PDF remediation complexity cost varies widely because not all PDFs are built the same way. A 10-page text document and a 10-page document with nested tables, forms, and images can differ dramatically in the time and skill required to make them accessible. The structure of the original file is the single biggest factor in pricing.
| Cost Factor | What It Means |
|---|---|
| Document Structure | PDFs with proper heading hierarchy and tag structure cost less. Unstructured or image-based PDFs require more work. |
| Tables and Forms | Complex data tables and interactive form fields are among the most time-intensive elements to tag correctly. |
| Reading Order | Multi-column layouts, sidebars, and pull quotes require manual reading order adjustments for screen reader users. |
| Scanned Content | Scanned image-only PDFs need optical character recognition (OCR) before any tagging can begin, adding a full step to the process. |
How Document Structure Affects PDF Remediation Complexity Cost
A PDF created from a well-structured Word document with proper heading levels, alt text on images, and defined list structures arrives with a foundation already in place.
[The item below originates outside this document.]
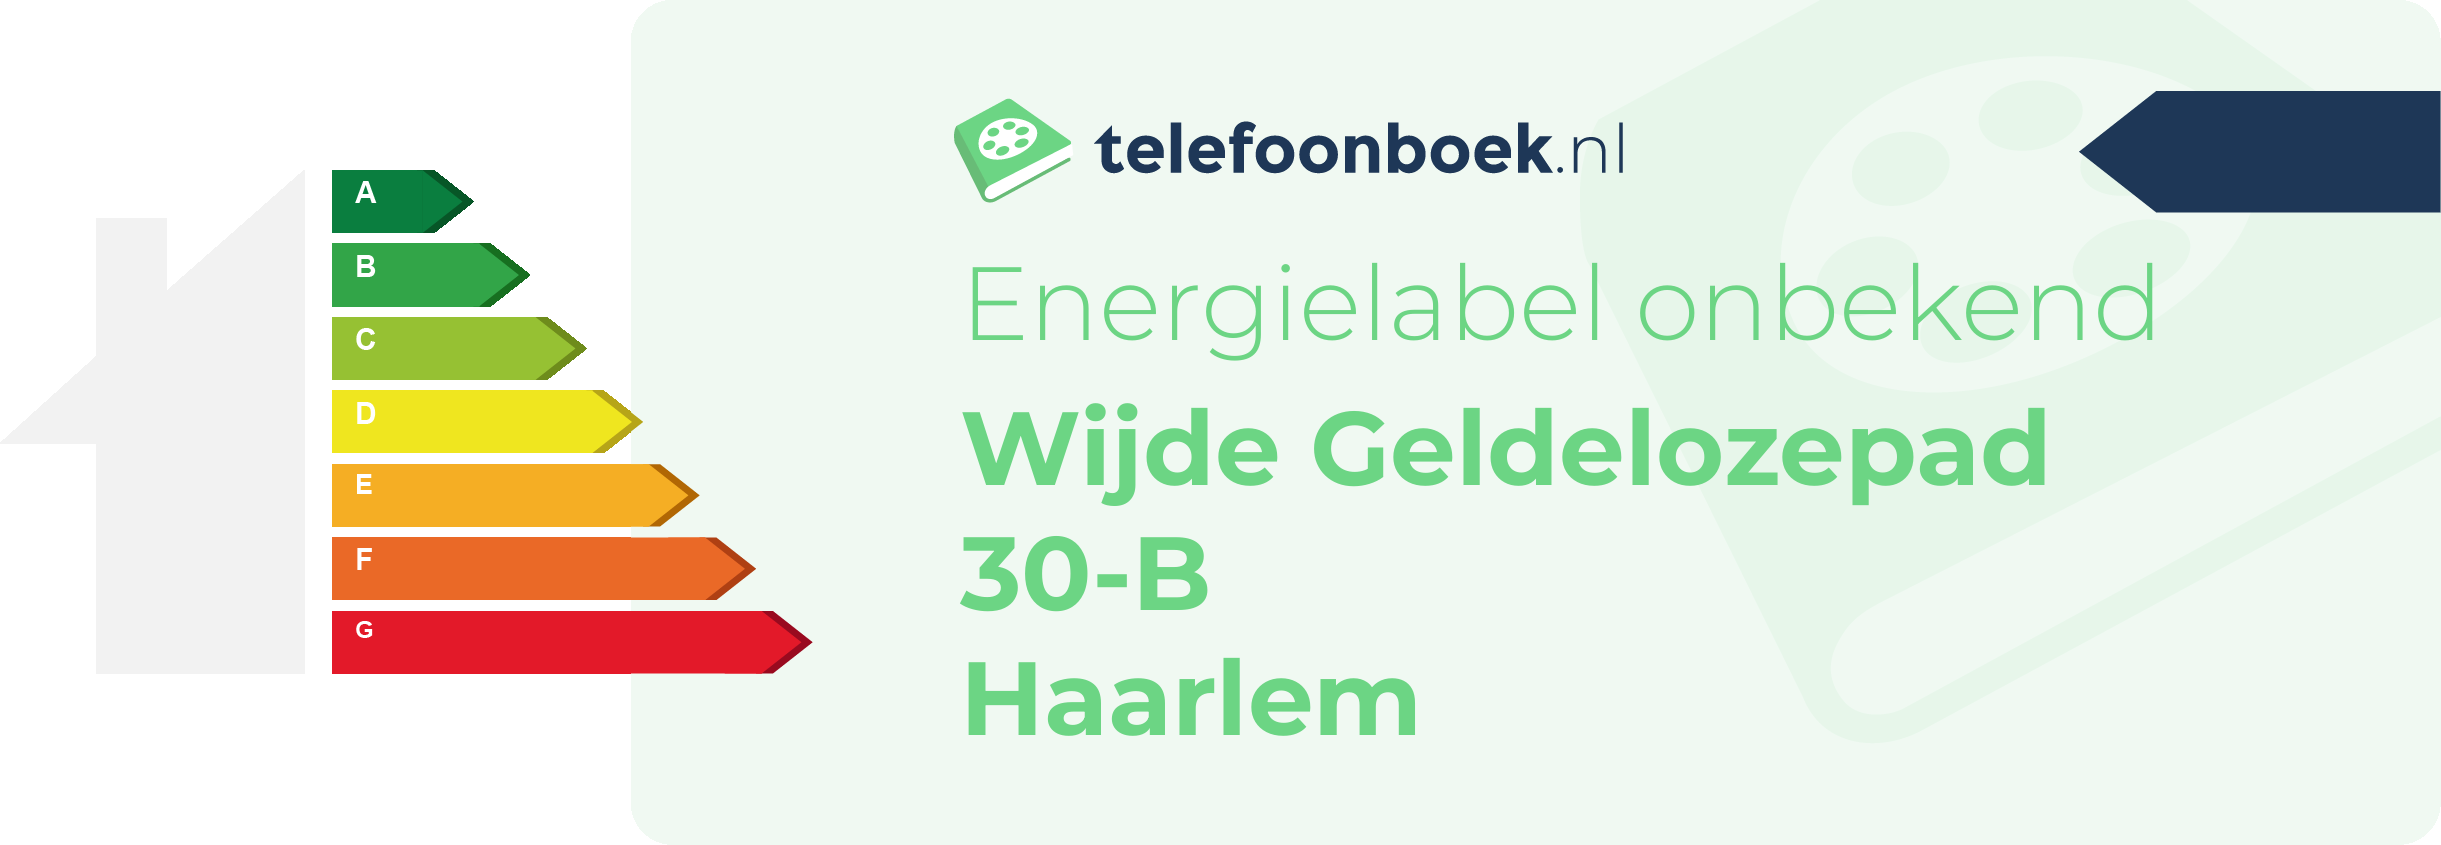 Energielabel Wijde Geldelozepad 30-B Haarlem
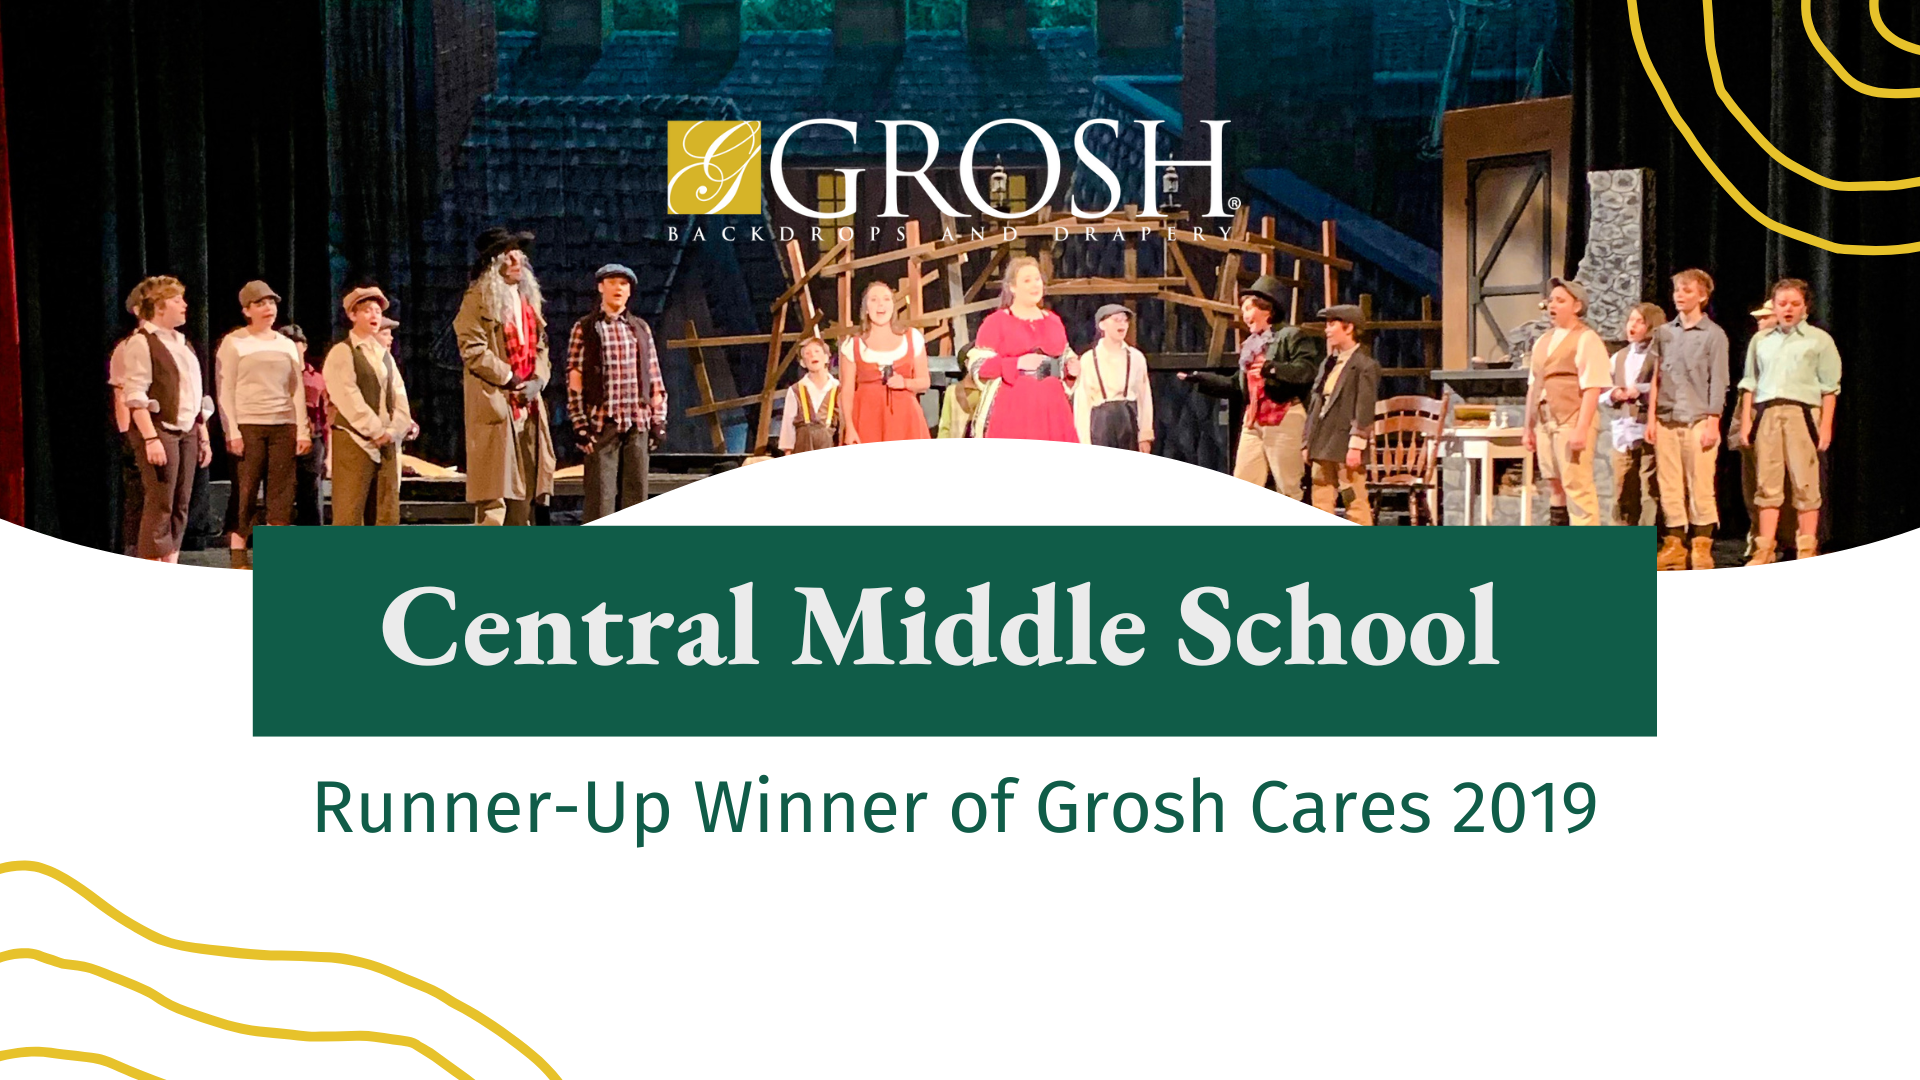 Central Middle School – Runner Up Winner of Grosh Cares 2019

Remediation on these files is closer to review and correction than full reconstruction.
A PDF exported from a design tool like InDesign or created by flattening a presentation often has no meaningful tag structure at all. Every heading, paragraph, image, and decorative element must be manually tagged from scratch. This is the difference between a file that starts at 7 dollars per page and one that costs significantly more.
Why Tables and Forms Drive Up Pricing
Data tables require precise header cell associations so screen readers can announce row and column context for each data cell. A two-column table is quick to tag. A table that spans multiple pages, includes merged cells, or nests tables within tables can take longer to remediate than the rest of the document combined.
Interactive forms add another layer. Each field needs a programmatic label, a defined tab order, and proper grouping. Error indicators and required field markers must also be conveyed through the PDF tag structure. A 5-page form can cost more to remediate than a 30-page text report.
The Role of Reading Order and Layout
Screen readers process PDF content in the order defined by the tag tree, not the visual layout. A document with a single-column flow maps cleanly. A document with multiple columns, sidebars, footnotes, and text boxes requires careful manual sequencing so the content makes sense when read linearly.
Marketing materials and annual reports are common examples. They look polished visually but are often the most expensive to remediate because their layouts were designed for visual consumption, not logical reading order.
Scanned PDFs and Image-Based Files
A scanned PDF is a photograph of each page. There is no text layer for a screen reader to access. Before any accessibility tagging can happen, the file needs OCR processing to convert the image into selectable text. OCR accuracy varies depending on the scan quality, and poor scans may need manual text correction on top of OCR processing.
This adds both time and cost. A scanned 20-page document can cost two to three times what a natively digital version of the same content would cost to remediate.
Page Count Is Only Part of the Equation
Pricing for PDF remediation typically starts at 7 dollars per page, but that per-page rate shifts based on the factors above. A 50-page text-heavy policy manual with clean structure might fall at the lower end. A 15-page financial report with nested tables, charts, and a multi-column layout could cost more in total.
When budgeting for PDF remediation, the content within each page matters more than the number of pages.